Riversville Aircraft Corporation, an entity controlled by Robert F. Greenhill, uses and reimburses us for a portion of the hangar space we lease at the Westchester County Airport. In 2017, Riversville Aircraft Corporation paid us $80,400 in rent and related costs. Riversville Aircraft Corporation reimburses us for its use of a portion of the hangar space on terms we believe are comparable to those we could secure from an independent third party.

Relationship with Merchant Banking Funds

Greenhill has an indirect interest in a merchant banking fund, which we refer to as Greenhill Capital Partners II (or Fund II), which consists of several related fund vehicles that generally invest in parallel on a pro rata basis (we refer to those funds collectively as the “Funds”). The managing general partners of Fund II are controlled by Greenhill, and Scott L. Bok, our Chief Executive Officer, remains a member of the Investment Committee of Fund II.

Director Independence

Under applicable New York Stock Exchange listing standards, a majority of the Board of Directors must be independent, and no director qualifies as “independent” unless the Board of Directors affirmatively determines that the director has no material relationship with Greenhill. In connection with this independence determination, the Board considered transactions and relationships between each director or director nominee or any member of his or her immediate family and Greenhill and its subsidiaries and affiliates, including those reported under “Certain Relationships and Related Transactions” below. The Board also examined transactions and relationships between directors and our director nominee or their affiliates and members of Greenhill’s senior management or their affiliates. The purpose of this review was to determine whether any such relationships or transactions were inconsistent with a determination that the director or director nominee is independent.

The Board determined that none of Messrs. Goldstone, Key or Liu or Mses. Hartzband or Robards:

 

    had any material relationship with Greenhill (other than as directors or as a director nominee)

 

    had any material relationship, either directly or as a partner, stockholder or officer, of another organization that has a relationship with Greenhill

 

    is an employee or has an immediate family member who is or has in the last three years been an executive officer of Greenhill

 

    receives, or has an immediate family member who receives, more than $120,000 in direct compensation from Greenhill (other than director and committee fees)

 

    is affiliated with or employed by, or has an immediate family member who is or has been within the past three years a partner of or employee of, the Greenhill audit team or a present or former internal or external auditor of Greenhill

 

    is employed or has an immediate family member who is employed as an executive officer of another company where any of Greenhill’s present executives serve on the compensation committee

 

    is an executive officer of a company that makes payment to or receives payments from Greenhill for property or services in an amount which, in any single fiscal year, exceeds the greater of $1 million or 2% of such other company’s consolidated gross revenues

 

    is an executive officer of any charitable organization to which Greenhill has contributed an amount in any single fiscal year in excess of $1 million or 2% of the consolidated gross revenues of such charitable organization.

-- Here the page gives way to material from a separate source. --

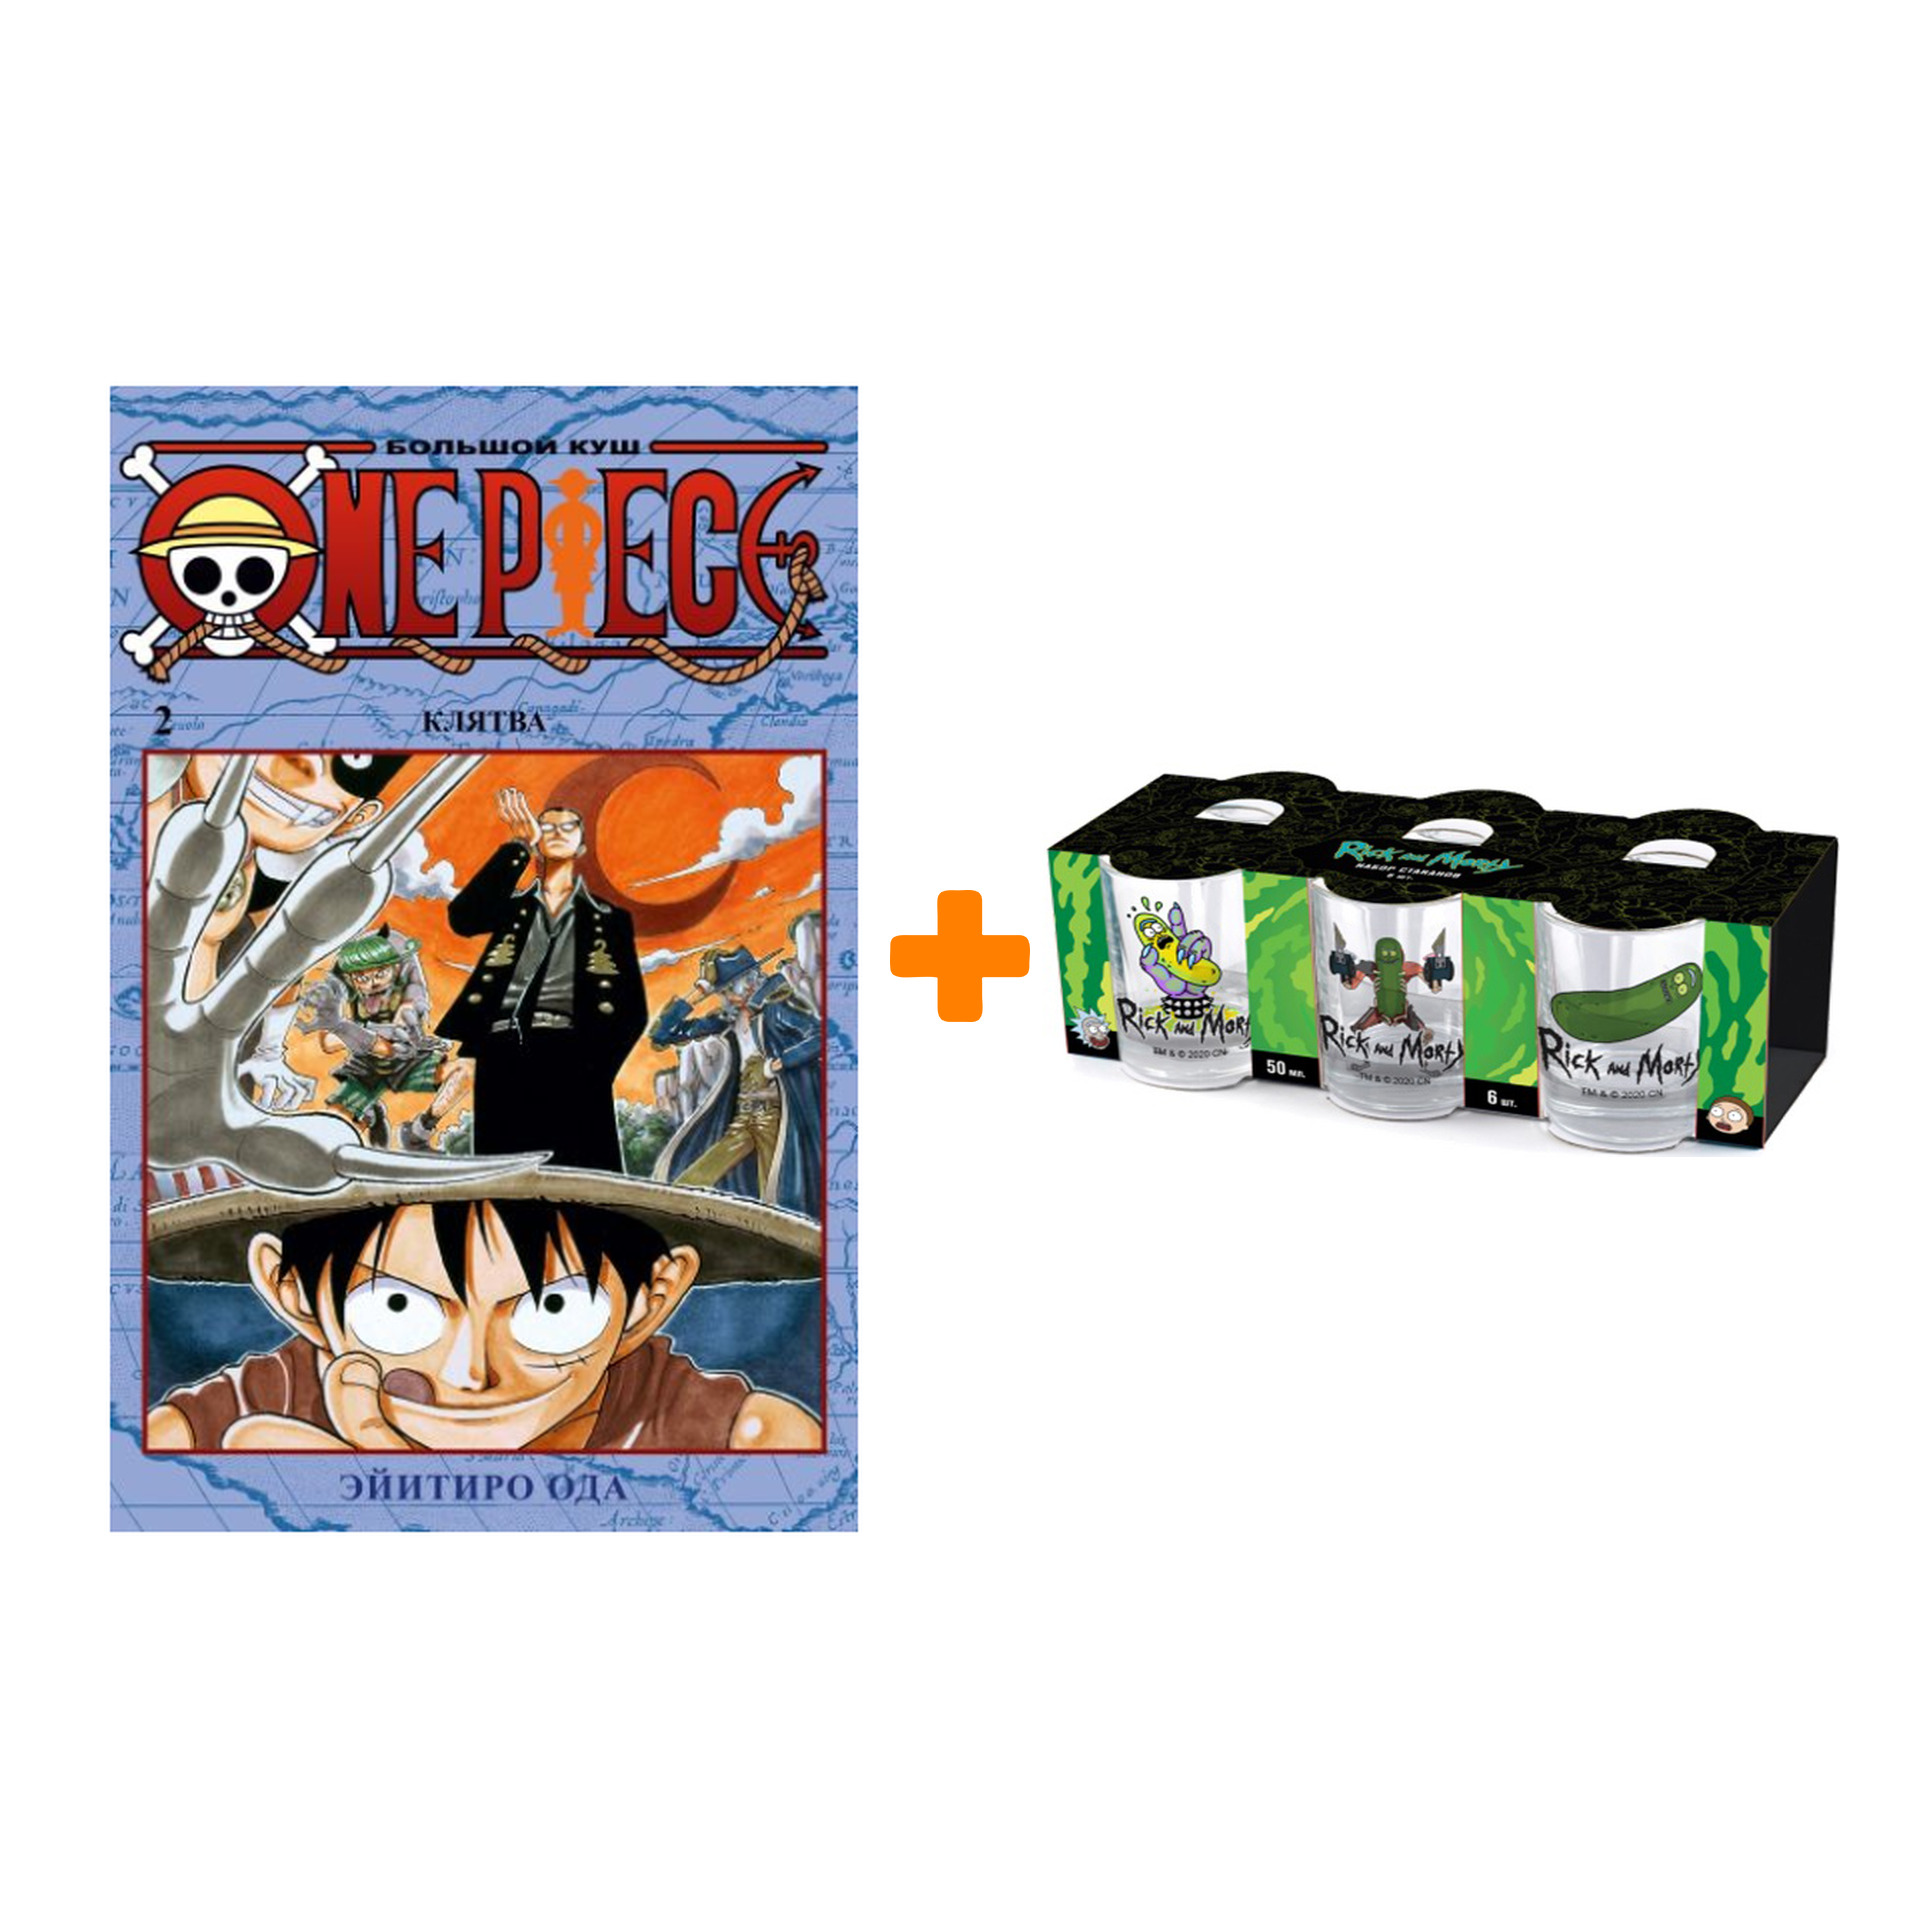 Набор Манга One Piece Большой куш Книга 2 Клятва + Набор рюмок Rick And Morty 50мл 6-Pack
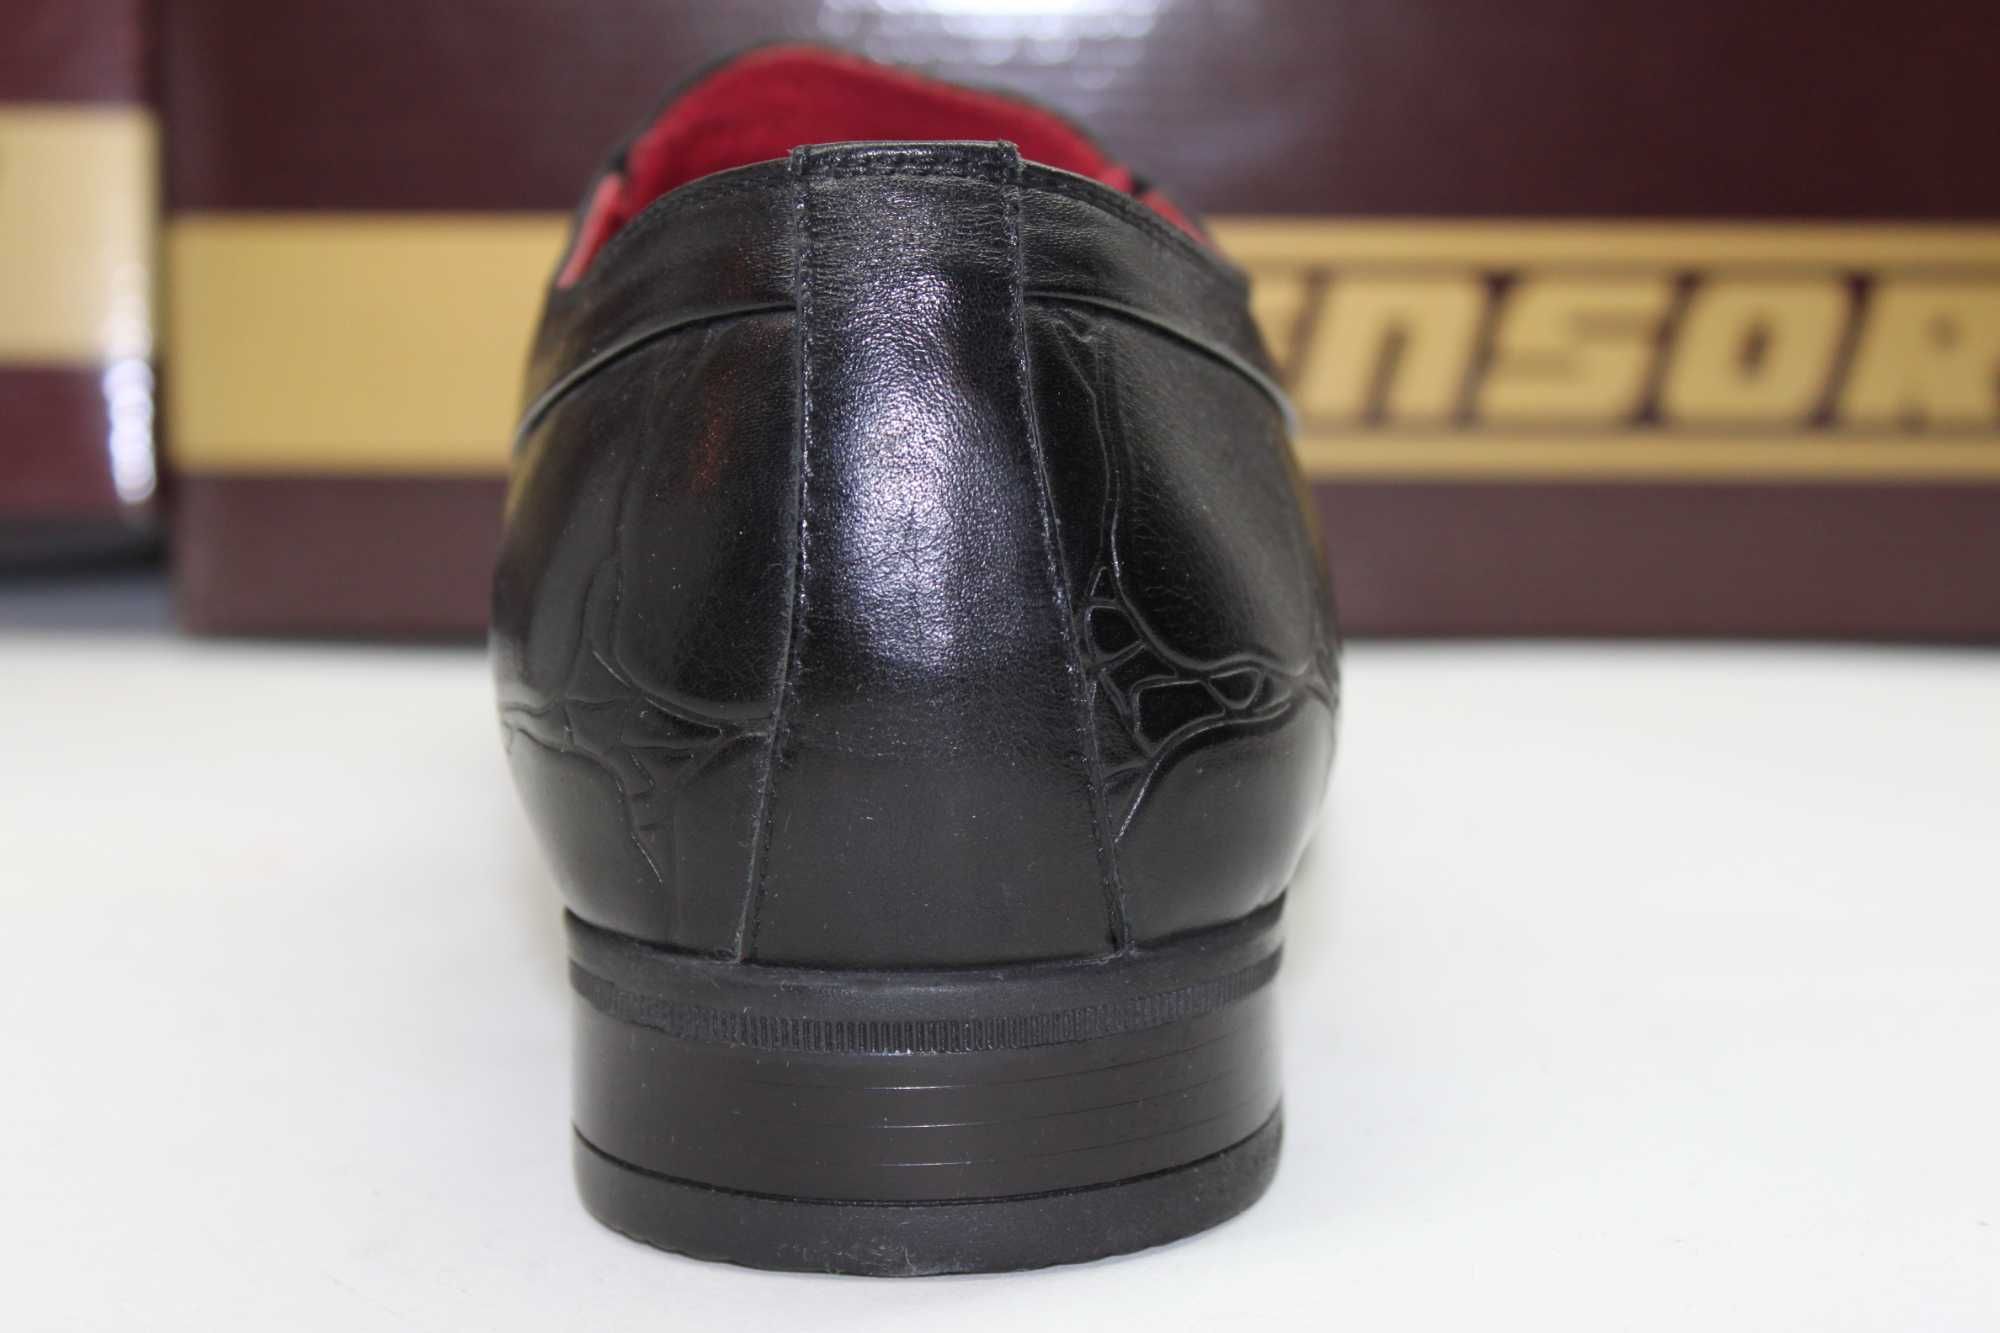 Sensor - демисезонные модельные туфли кожаные оригинал (641-1)

As a result of this review, the Board affirmatively determined that each of our non-employee directors (Steven F. Goldstone, Stephen L. Key, John D. Liu and Karen P. Robards) and our non-employee director nominee (Meryl D. Hartzband) is “independent” as that term is defined in the applicable New York Stock Exchange listing standards. Messrs. Greenhill and Bok cannot be considered independent directors because of their employment at Greenhill.

In addition, we amended our Corporate Governance Guidelines in January 2016 to provide for a Lead Independent Director. Steven F. Goldstone has served as our Lead Independent Director since such date.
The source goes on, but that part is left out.